König Artus
befindet. Dann gibt es natürlich die ältere Handschrift im Winchester College in England, die in gewissen Punkten von Caxton abweicht und – abgesehen davon, daß am Ende bedauerlicherweise acht Bogen fehlen – vielleicht die einzige unanfechtbare Quelle ist. Wie die Dinge liegen, muß jede Arbeit an Malory sich auf eine Kombination dieser zwei Quellen stützen. Ich habe die beiden Originale nicht nur gesehen und geprüft, sondern besitze auch Mikrofilme von ihnen. Diese beiden Quellen müssen mir also als Grundlage für meine Übersetzung dienen. Den Caxton-Mikrofilm hat mir die Morgan Library freundlicherweise zur Verfügung gestellt, und den von den Winchester-Handschriften habe ich von der Kongreßbibliothek. Das also ist mein Ausgangsmaterial für die Übersetzung.
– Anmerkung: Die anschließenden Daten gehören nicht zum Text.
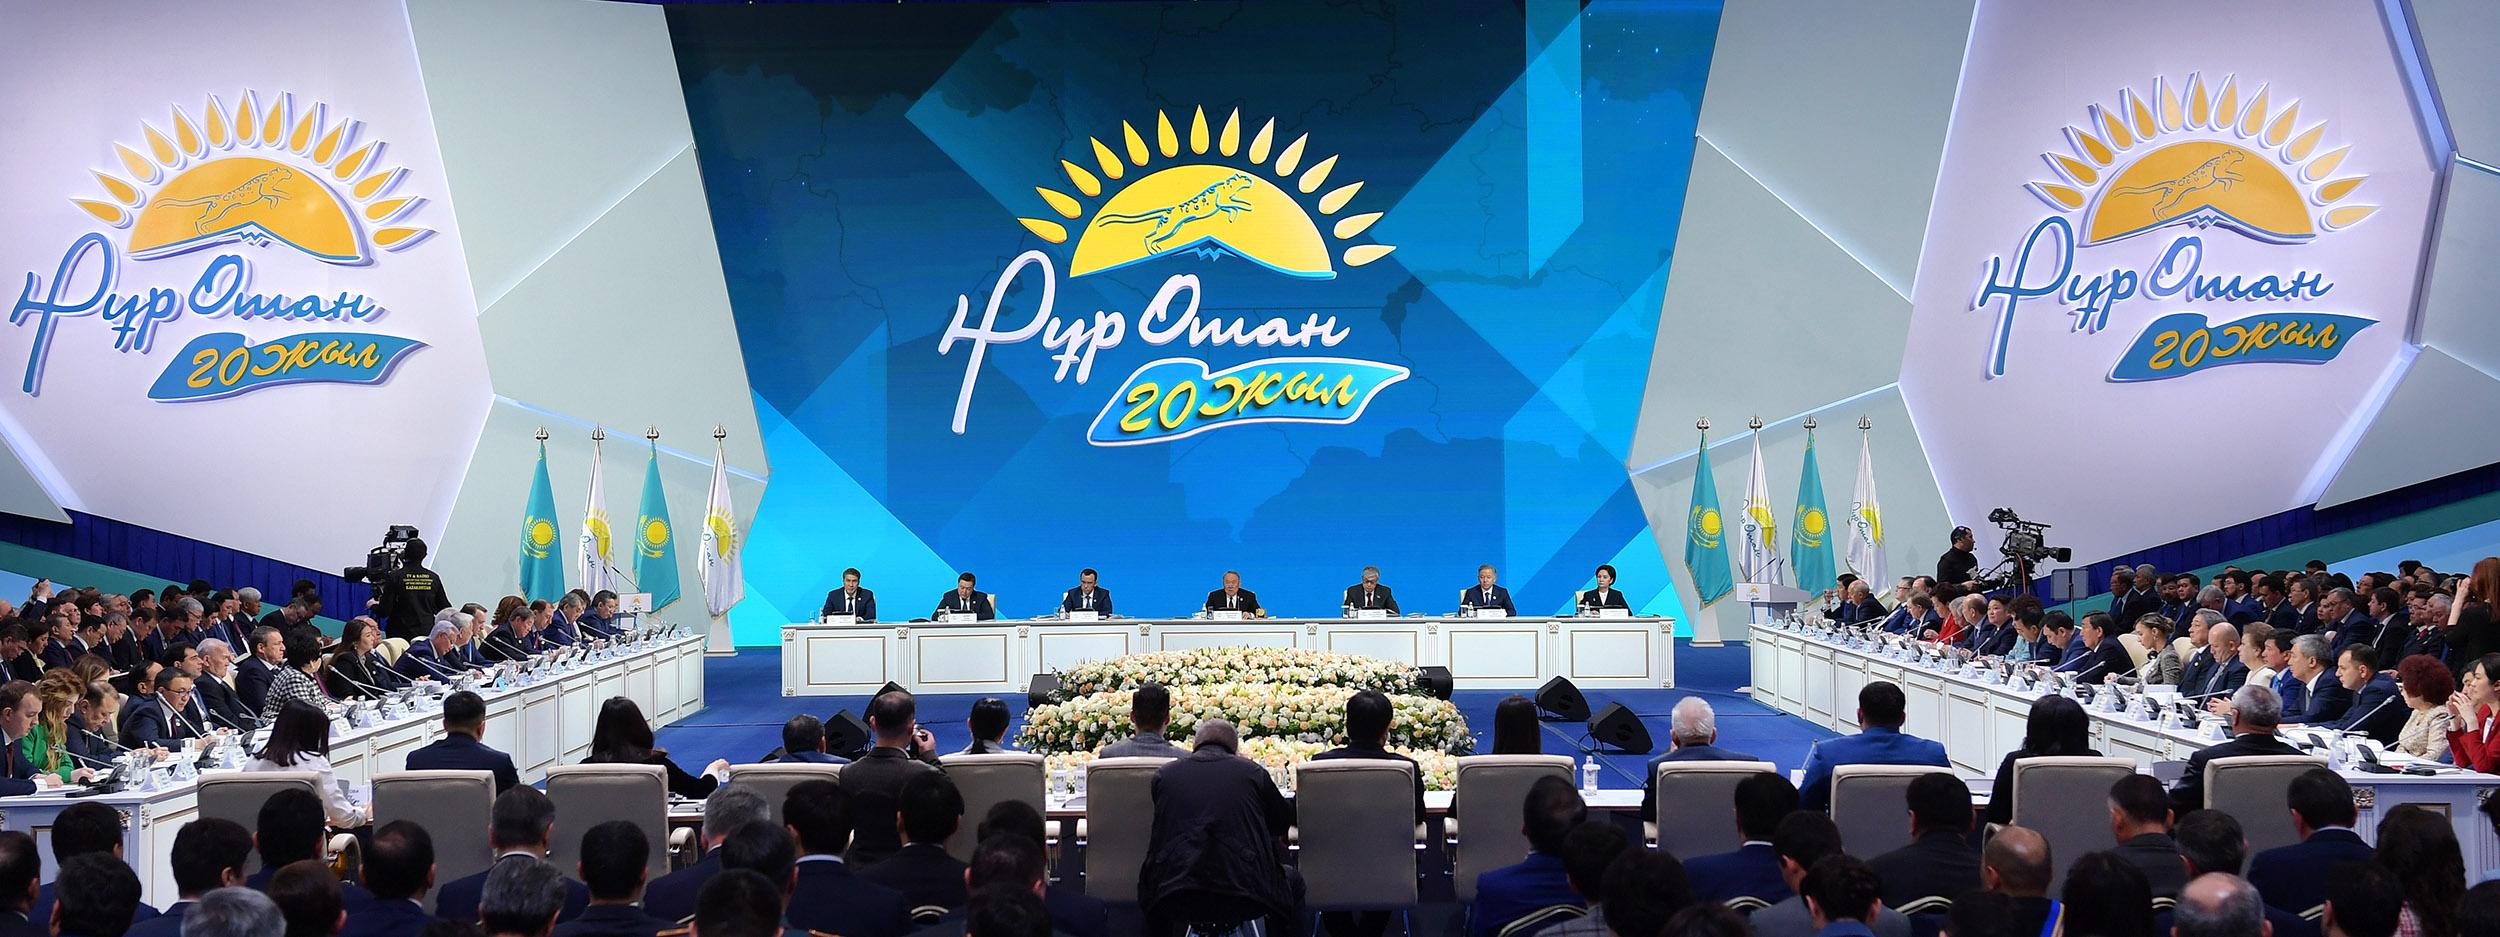 Kazakh President, Nursultan Nazarbayev, Schemes, NewsMobile mobile, news, India, Nur Otan Party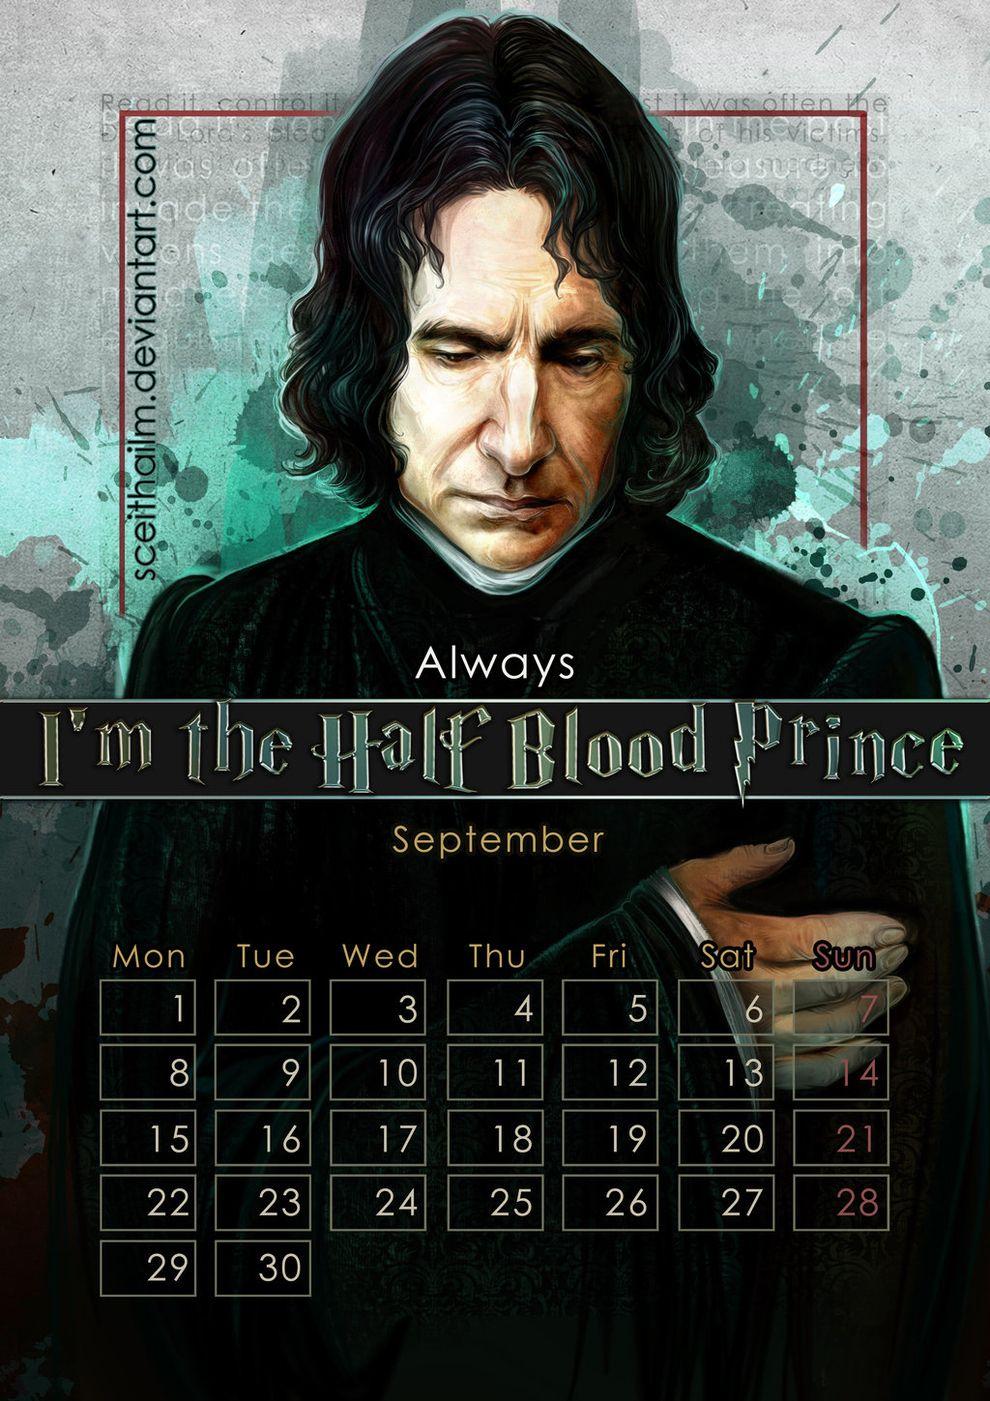 September Alan Rickman As Severus Snape In The Harry Potter Movies Filme Pinnwand Filme Serien

Ich habe vor, in ein modernes Englisch zu übersetzen und dabei Rhythmus und Tonfall zu bewahren – oder vielmehr den Versuch einer Neuerschaffung in einer Form zu machen, die auf das Ohr des Lesers von heute die gleiche Wirkung haben wird, wie sie das Mittelenglische im 15. Jahrhundert hatte. Ich werde an jedem Arbeitstag, bei fünf Tagen in der Woche, eine vorgegebene Zahl Seiten von der Übersetzung schreiben: sechs bis acht Seiten Übersetzung pro Tag. Außerdem werde ich jeden Tag die Interpretationen, Beobachtungen und Hintergrundfakten aus unserer umfangreichen Lektüre in Form eines Arbeitsjournals festhalten. Dadurch, daß ich beides nebeneinander tue, hoffe ich die interpretierenden Bemerkungen einzubringen, während die Erzählungen übertragen werden. Nach Abschluß der Übersetzung müßte ich dann eine große Menge interpretierenden Materials beisammen haben, das in den Geist der Erzählungen und in ihre Sinnaussage eingegangen ist. Die Einleitung, die einen sehr wichtigen Teil der Arbeit bilden sollte, werde ich für zuletzt aufheben, denn sie muß ein Gesamtbild der Arbeit in ihren beiden Teilen, Übersetzung wie Interpretation, bringen.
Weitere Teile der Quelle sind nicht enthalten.